Friday, January 22, 2010

Guest Post: Matt

Matt and I bet on Panda's poop schedule, and Matt lost. As punishment, he had to write a guest post.

Mugshot's Eiffel Tower Tips (re: Eiffel Tower Tips)

After reading Louis's cynical post about the Eiffel Tower experience, and as their last houseguest for a while (I hear they're not hosting anyone for some time — maybe even a week), I just had to offer a rebuttal based on first-hand experience. Get ready to take out your Paris scorecard and put about 50 checks in the "resident" box.

1. Steal a map from the apartment. If you stay with Louis and Maggie, note that they have several beautiful maps of Paris. Make sure it's rainy outside. Find the key to the living room cabinets, which is hidden in a Grand Theft Auto computer game box under their bed. Open the cabinet and take the most expensive-looking map you can find there. Down the half-bottle of Bordeaux they were saving for a special occasion. In your excitement, forget to lock their apartment door, and start your adventure toward the Eiffel Tower. (You will also need a bullhorn and around 10 Euros.)

2. Walk four hours in the rain in the general direction of the Eiffel Tower. I love walking, and there's nothing I like better than walking when my socks are extremely wet because of rain and puddles. If you pass all the sites marked on the map below, you will clearly be following the best route to the Eiffel Tower, which is important during bad weather. If you get lost, that's OK. Since it's very cloudy, you won't be able to see the Eiffel Tower and just go toward it. But you can consult your stolen map and watch as it disintegrates in the pouring rain, and then you can try to stumble toward the next waypoint on the map below.



3. Tell as many tourists as you can that the Eiffel Tower is closed. There won't be many out there since it's raining. But as Louis pointed out, people at tourists sites are to be avoided if you want a good experience.
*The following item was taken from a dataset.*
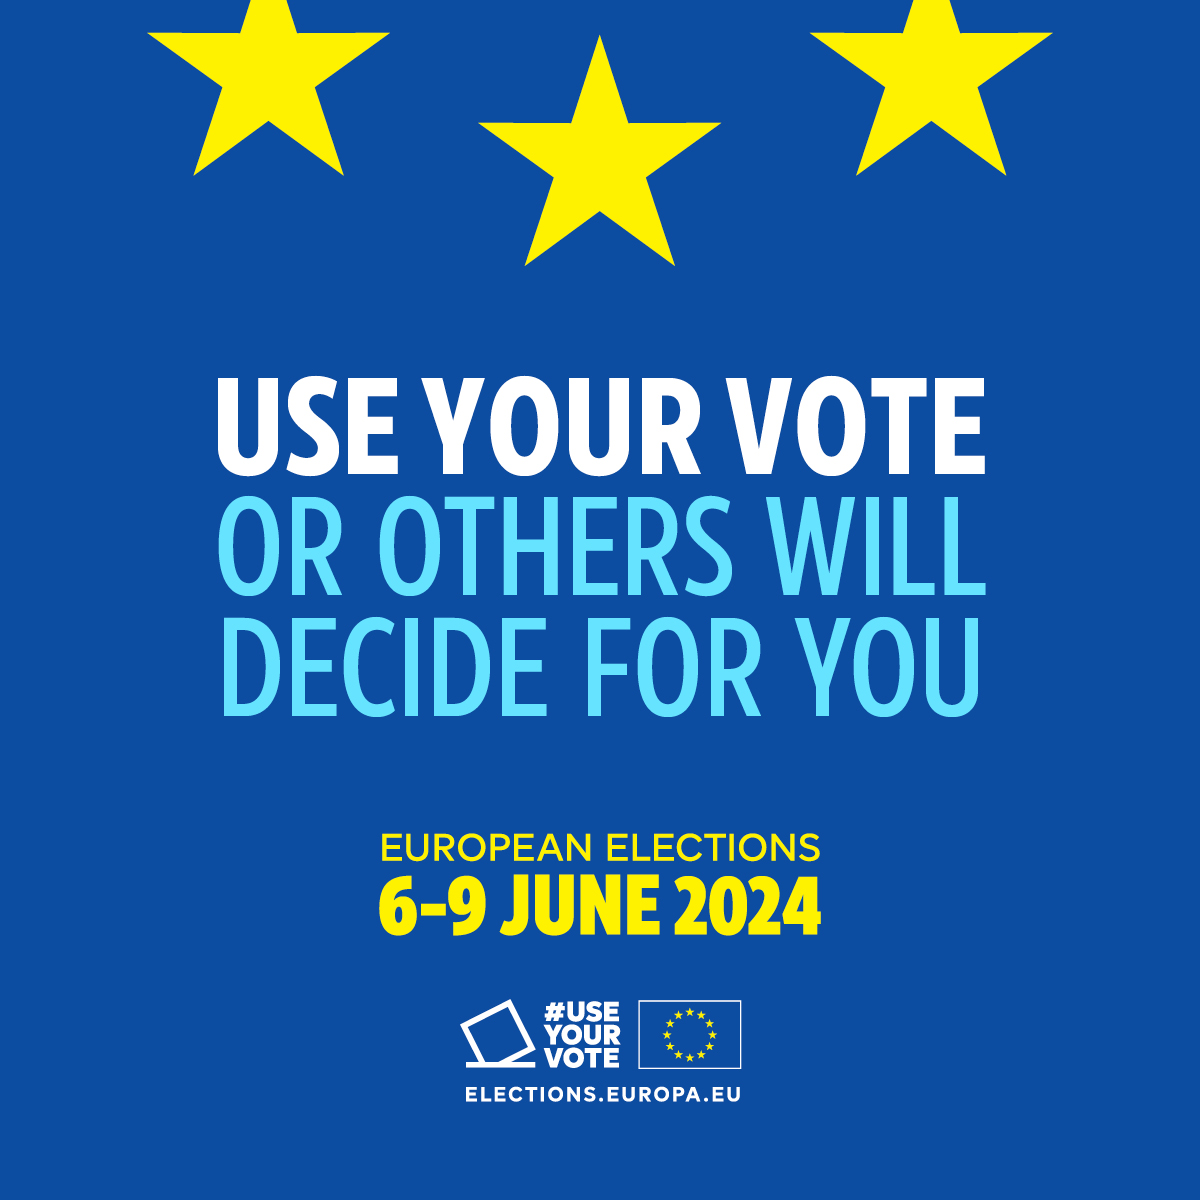 European Elections image - yellow stars on blue background

Therefore, in your best English, yell at anyone you encounter on your walk that they can't go up the Eiffel Tower during inclement weather, so they should really leave the area. (This includes people who you think might not be tourists — you never know.)

4. Spend some of your Euros on a ticket to go up the Eiffel Tower. This is a crucial step, as Louis also pointed out, because without a ticket to something like the Eiffel Tower, it is difficult if not impossible to go up it. The best way to get a ticket is to say to the ticket person, "Je aller Eiffel Tower," and then point up. This is an example of very good French, so he or she will know what you mean. You should definitely walk up, because nothing feels better than ascending 600 steps to the second floor after you've already walked 20 miles. When you get to the first floor, make a beeline for the gift shop and spend the rest of your Euros on a jambon crudité — you will need it in a minute.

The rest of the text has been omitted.